In operon – expression of a group of genes is controlled by 1 promoter
Genes in operon are usually functionally related
Function - Operon allows for the production of multiple proteins in the same pathway all at once
Transcription and Tranlsation in Bacteria
Transcription and translation in bacteria also differ for Eukaryotes:
1. Bacteria genes do not have introns – mRNA does not usually need to be spliced
- Expection = some bacteria have self splining introns but that is rare
2. Since there is no nucleus – bacterial mRNA does not need to be transported before translation= transcription and translation can occur simultaneous
Bacteria storage of genetic information
Bacetria = can contain a second type of storage system for genetic information in addition to the circular chrosomeome
Second class of DNA storage = plasmid
Plasmids
Plasmid = extra chromosomal indepentely replicated DNA found in bacteria
- Plasmids = usually circular + usuallly non-essential
Often have multiple copies of the same plasmid in 1 cell (common to have 1-100 copies per cell)
- Plasmids can be in different copy numbers
Plasmids = smaller than the bacterial chrosome (1-200 kb plasmid vs. 4.6 megabase genome)
Plasmids can either be incorporated into the genome or may exist as a seperate entity
Plasmids in nature
Many bacteria have naturally occurring plasmids
Natural plasmids in Bacteria can:
1. Confer Antibiotic resistnce
2. Increase virulence
3. Aide in metabolism of a substance
Plasmids in lab Use
Use:
1. Molecular cloning –> transferring a gene from a genome or plasmid into another plasmid
- Includes introduce a DNA sequence into Eukaryotic cells
2. Protein purification –> –> Plasmids can be used to produce and purify recombinant protein
3. Exogenous gene expression
- Used to study bacterial physiology and biological processes
4. Facilitate chromosome engineering
- Used to study bacterial physiology and biological processes
5. Introduce a DNA sequence into bacterial cells
Key features common to most plasmids
- Restriction enzymes sites
- 5’ and 3’ Primer Sites
- Promoter
- Antibiotoc resistnce gene
- Markers selectable by other means
- Example – gene that makes growth in the presence of sucrose toxic OR Gene that makes growth on a nutrient necessary - Origin of replication
Plasmids = Need all of the elements for gene expression (to have expression of the gene of interest)

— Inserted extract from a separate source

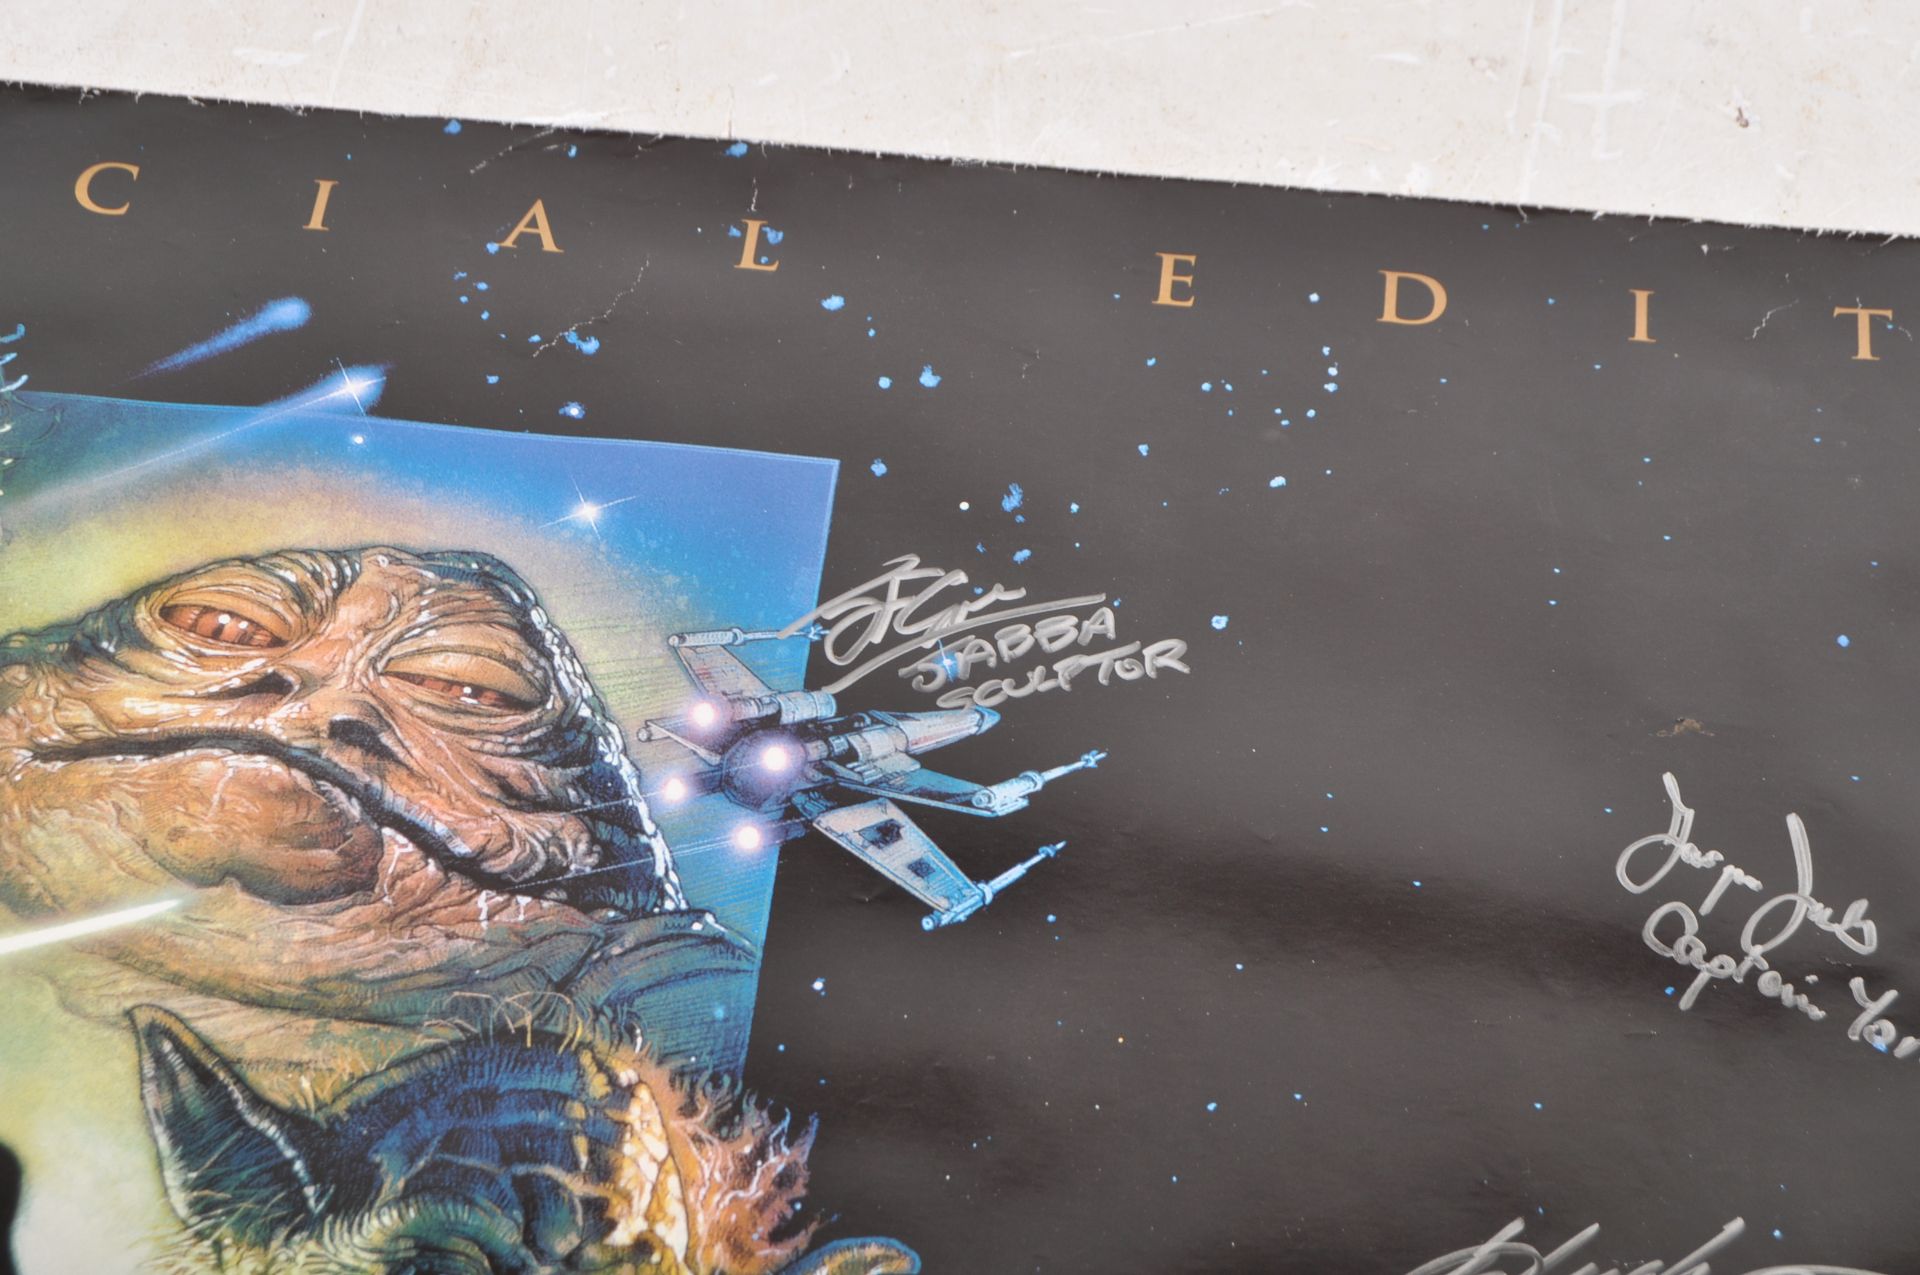 STAR WARS - RETURN OF THE JEDI - CAST SIGNED POSTER X24 - Image 7 of 7

- Example – need the promoter and the ribosome binding site
Plasmid Structure - Restriction enzymes sites
Purpose - Allows for insertion or excision of a gene of interest
- aka multiple cloning site (MCS)
Between the RE (MCS) have the gene of interest that we cloned in
- RE sites = surrounds the gene of interst
Plasmid Structure - 5’ and 3’ Primer Sites
Purpose - Allows for confirmation of gene insertion through PCR amplification and sanger sequencing
Location –> Primer sites = regions upstream and downstream of the inserted gene
Plasmid Structure - Promoter
Purpose - Allows gene to be expression
Location - Furtehr upstream than the primer sites
Types of promoters used:
1. Inducible promoter (used for protein expression)

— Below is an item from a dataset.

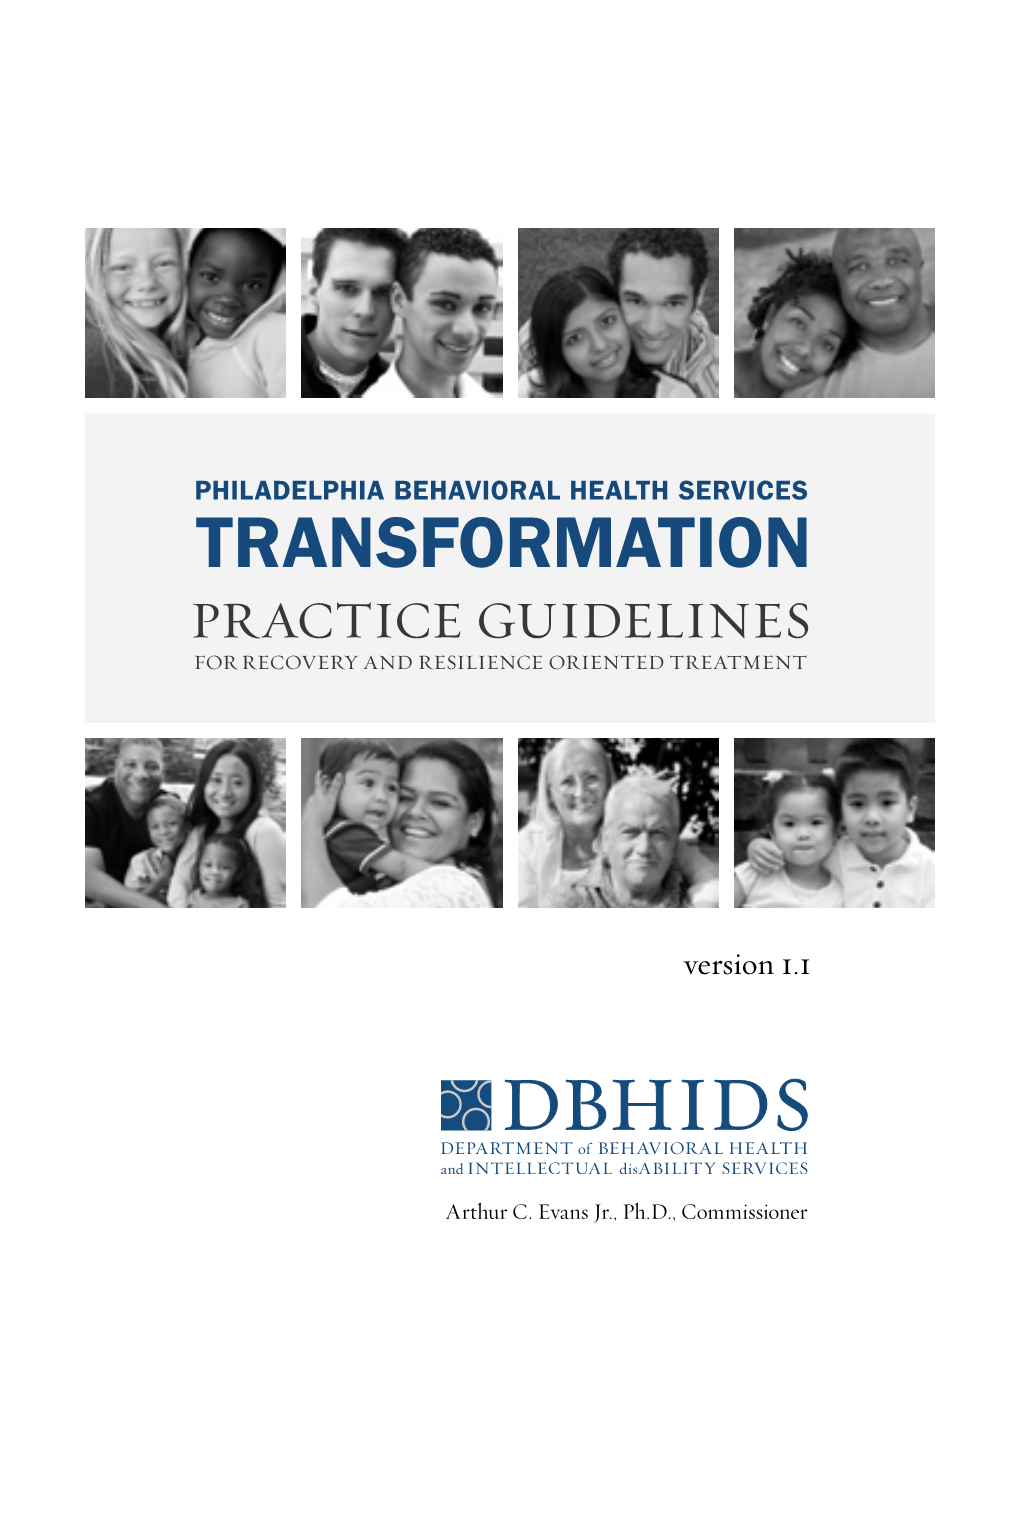 Download the Practice Guidelines

2. Endogenous promoter that is activated by ceullar process or a constitutively active promoter
Plasmid Structure - Antibiotic resistance gene
Purpose - Allows for the uptake of the plasmid to be selected for by plating bacteria on media that contains the corresponding Antibiotic
- Function as a selectable marker –-> select for cells that have the plasmid
Plasmid Structure - Origin of replication
Purpose - allows the plasmid to be copied and maintained
ORI – determines the copy number of the plasmid in cells and the host range (broad vs. Narrow)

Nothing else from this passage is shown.